Abstracts are invited for papers that engage critically with questions including, but not limited to:
• How do women mobilise different aspects of their identities in contesting resource extraction?
• How and why do women mobilise against proposed and existing extractive activities and what are the challenges they face in doing so?
• What challenges do women leaders face within and beyond their communities?
• How do power relations and community dynamics shift with women’s sustained involvement in activism?
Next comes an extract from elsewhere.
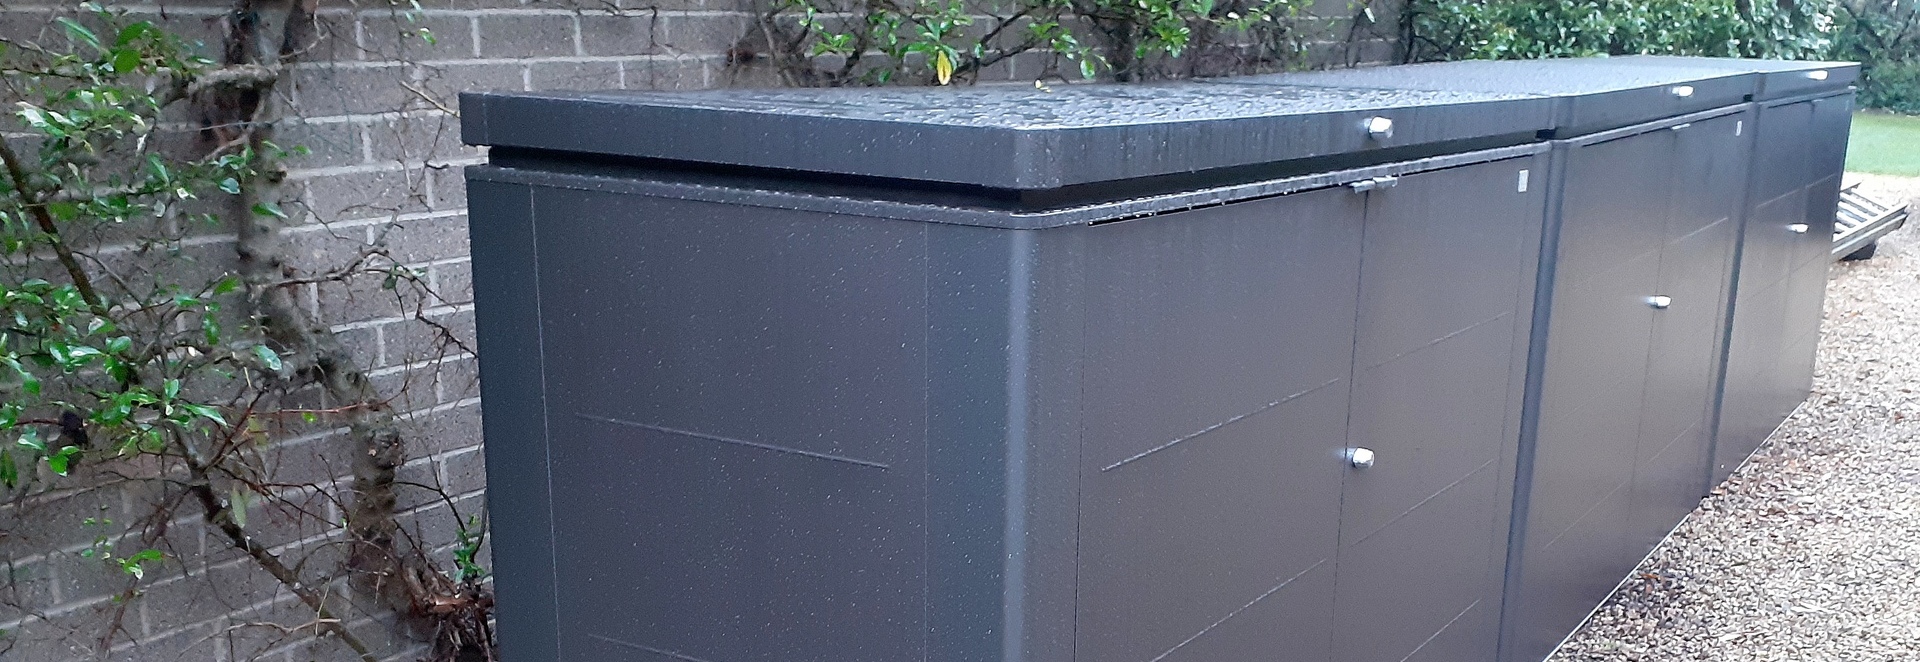 The ultimate outdoor garden storage unit - Biohort HighBoard 200  Storage Unit | Supplied + Fitted in Sandymount, Dublin 4 by Owen Chubb Landscapers

To what extent are new spaces opened up for women to be participate in community decision-making?
• What are conceptual and methodological challenges involved in conducting research on this topic?
• How do women who support resource extraction, or may be ambivalent about it, negotiate their place in communities?
• What alternatives to resource extraction do women’s organisations propose or enact?
• How do experiences of violence and intimidation shape women activists’ experiences and identities?
• To what extent do women’s organisations engage with mining companies (if at all) and particularly their CSR activities? How does this shape their activism?
• How are women’s organisations organising transnationally to contest large-scale resource extraction?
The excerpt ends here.